Quuxplusone commented 6 years ago
Any changes/roadmap/plan here?
https://github.com/google/sanitizers/issues/217 appears to be fixed, and
nothing else is referenced.

Just wasted an hour debugging quite simple code until realizing that stack-use-
after-return detection is still not on by default.
Quuxplusone commented 6 years ago
Vitaly, WDYT?
I guess we may try turning this on by default
Quuxplusone commented 6 years ago
Sure.
I need investigate some performance issues. I plan to do so in the next couple
of month.
It can be enabled with or without investigation, but if we find easy fix for
issues then less users will need to disable the check.
Quuxplusone commented 6 years ago

If the intent is to enable it, it might be better to do it rather sooner than later, to have more room for reverts, and not let it slip into next release++

Quuxplusone commented 6 years ago
Not sure if we can invest time into this right now. Would you like to try?
We need to make sure that asan build of LLVM doesn't regress too much.
Quuxplusone commented 6 years ago
You mean the time it takes to build stage-2 ?
With which build mode? Release?
Quuxplusone commented 6 years ago
(In reply to Roman Lebedev from comment #15)
> You mean the time it takes to build stage-2 ?
> With which build mode? Release?

Oh, no, I mean our (human) time to make the testing.
I would make the change, build LLVM/Release with asan, run the tests,
submit, look carefully at the bots.

We will also get an inflow of upset users for whom asan will stopp working
(due to incompatibility with use-after-return checking) or became slow, so we
need to budget for that as well.
Quuxplusone commented 6 years ago
(In reply to Kostya Serebryany from comment #16)
> (In reply to Roman Lebedev from comment #15)
> > You mean the time it takes to build stage-2 ?
> > With which build mode?

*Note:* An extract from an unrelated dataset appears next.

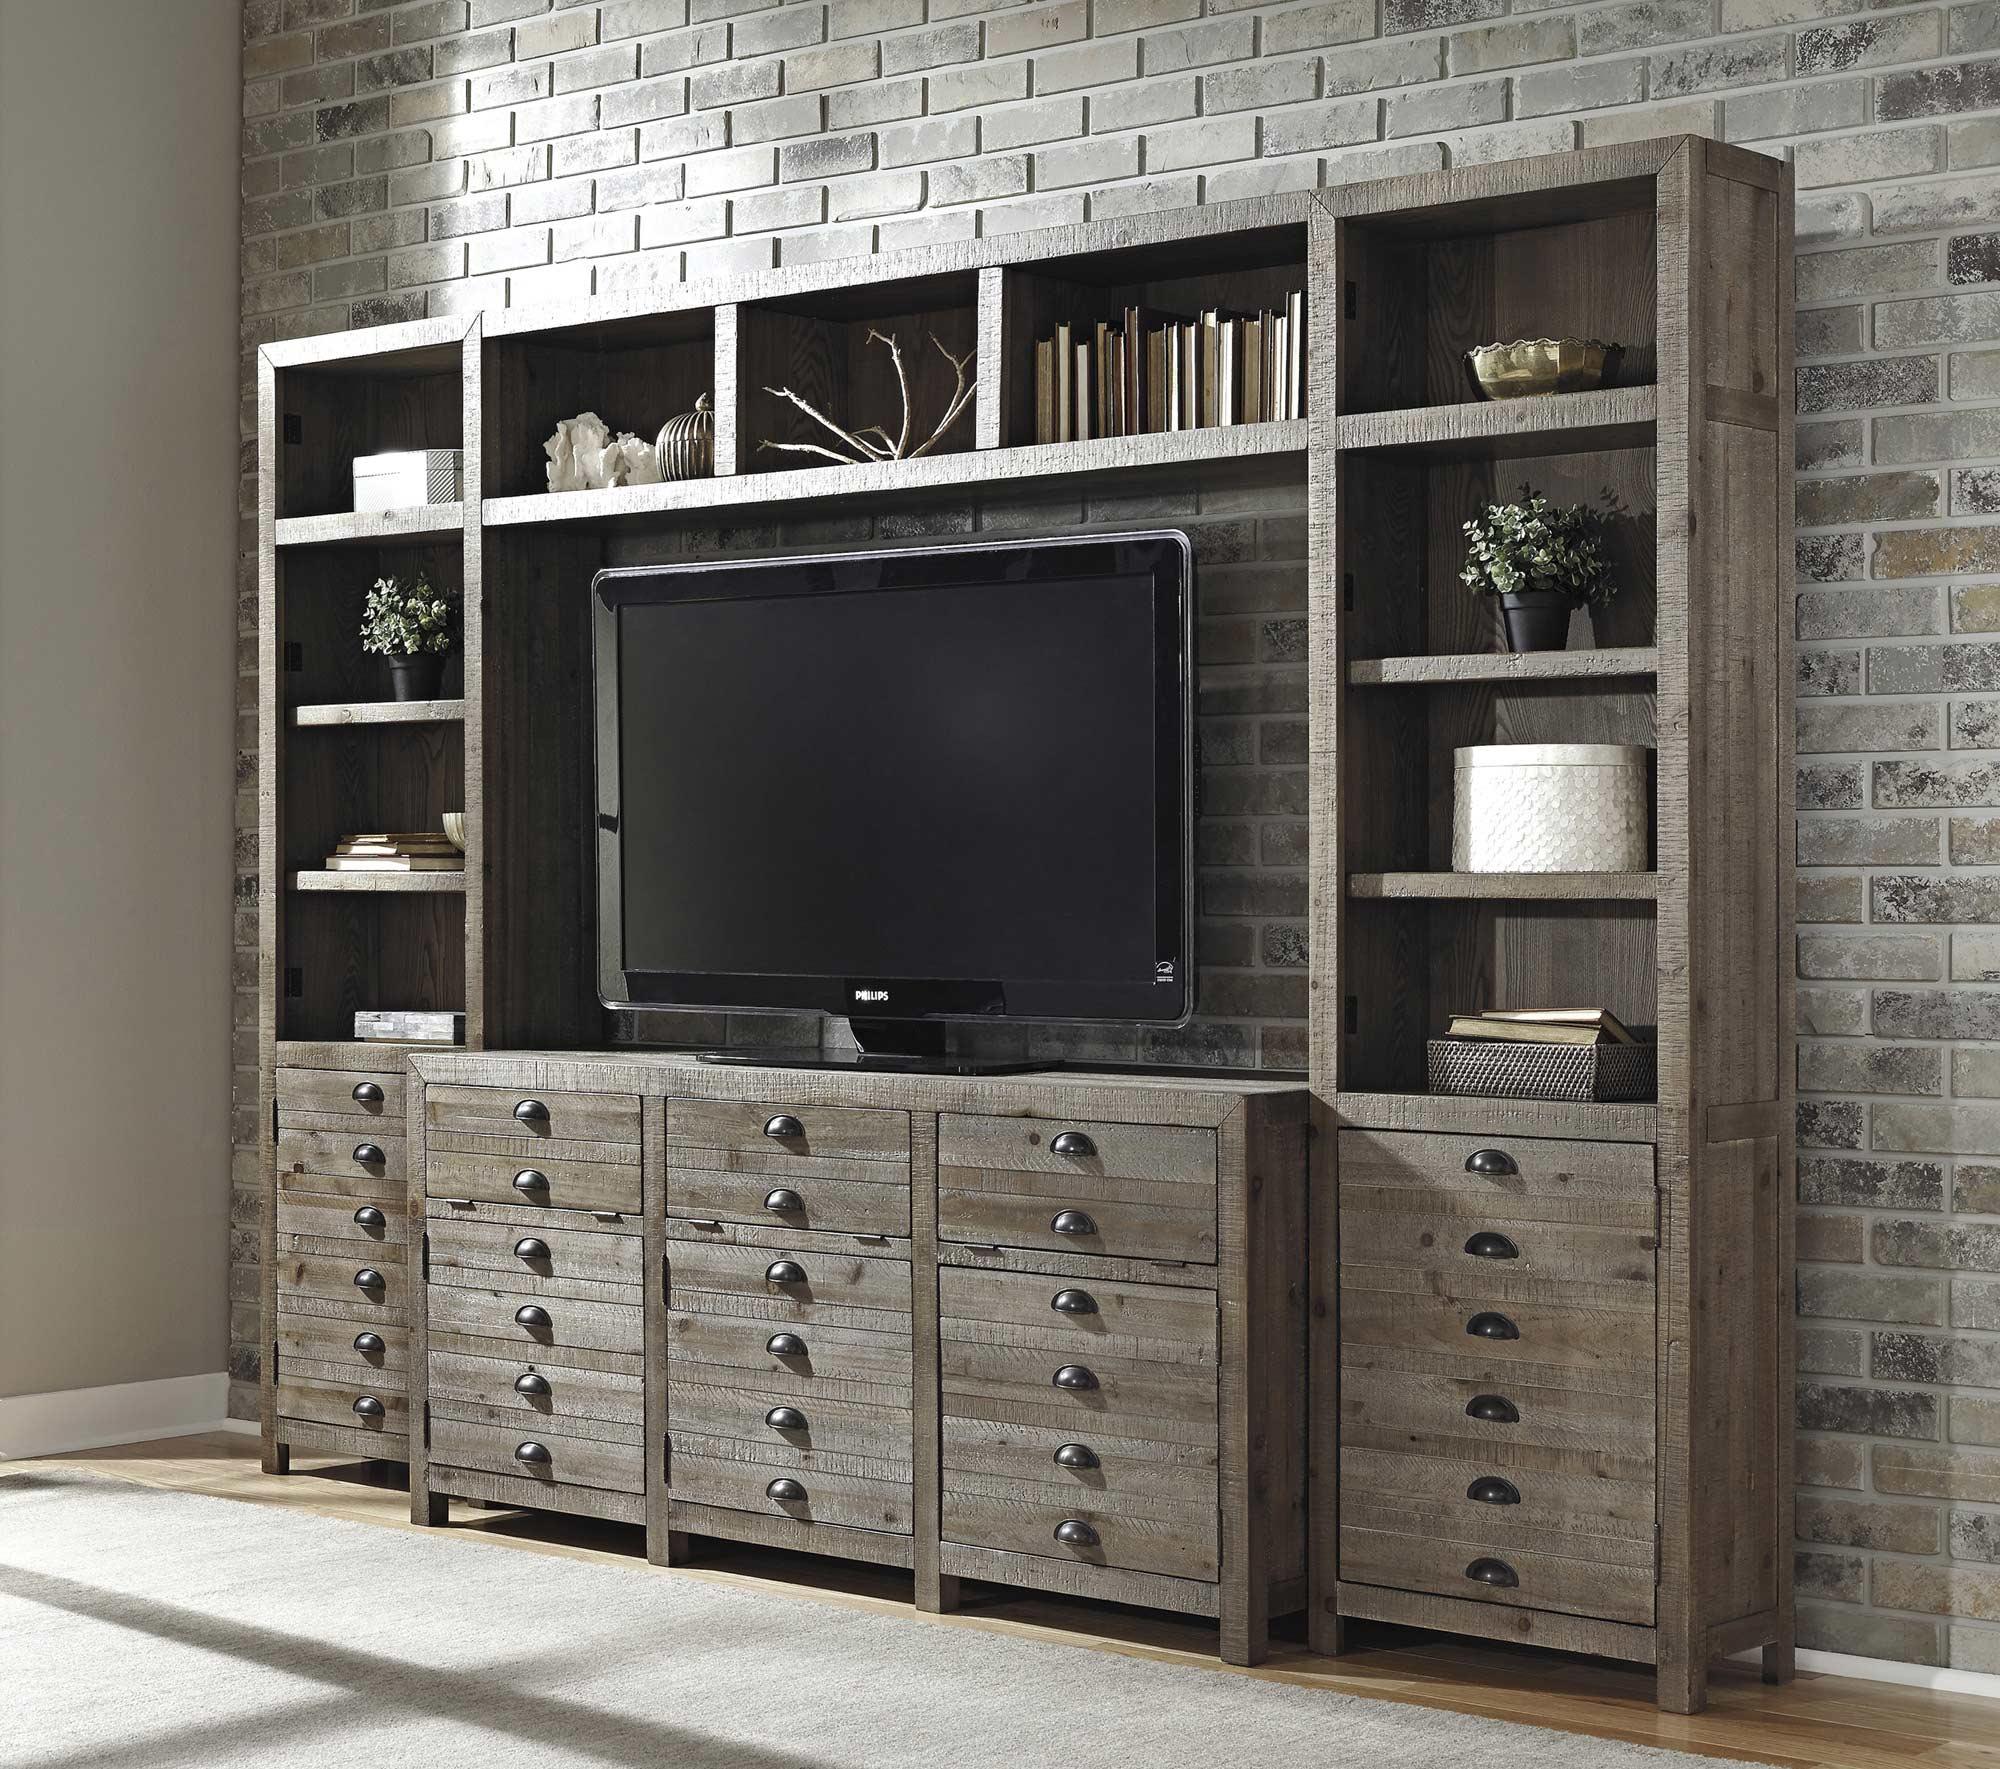 Home Entertainment Furniture Ideas: Keeblen 4-Piece Entertainment Wall

Release?
>
> Oh, no, I mean our (human) time to make the testing.
Ah!

> I would make the change, build LLVM/Release with asan, run the tests,
> submit, look carefully at the bots.
That part is obvious.

> We will also get an inflow of upset users

> for whom asan will stopp working
> (due to incompatibility with use-after-return checking)
Here i'm not following.
This is about turning use-after-return checking on by default,
so you mean "(due to some code out there being incompatible with use-after-
return checking)"?

> or became slow, so
> we need to budget for that as well.
Quuxplusone commented 6 years ago
> > for whom asan will stopp working
> > (due to incompatibility with use-after-return checking)
> Here i'm not following.
> This is about turning use-after-return checking on by default,
> so you mean "(due to some code out there being incompatible with
> use-after-return checking)"?

Yes. Suppose an existing user of asan updates to the new version of LLVM
that now has use-after-return enabled.
The code that used to run fine under asan will not fail because
  * it's slower and it times out
  * it consumes more memory and OOMs.
  * it's incompatible with use-after-return (does dirty tricks with stack) and has false positives or crashes

It's still totally worth the risk.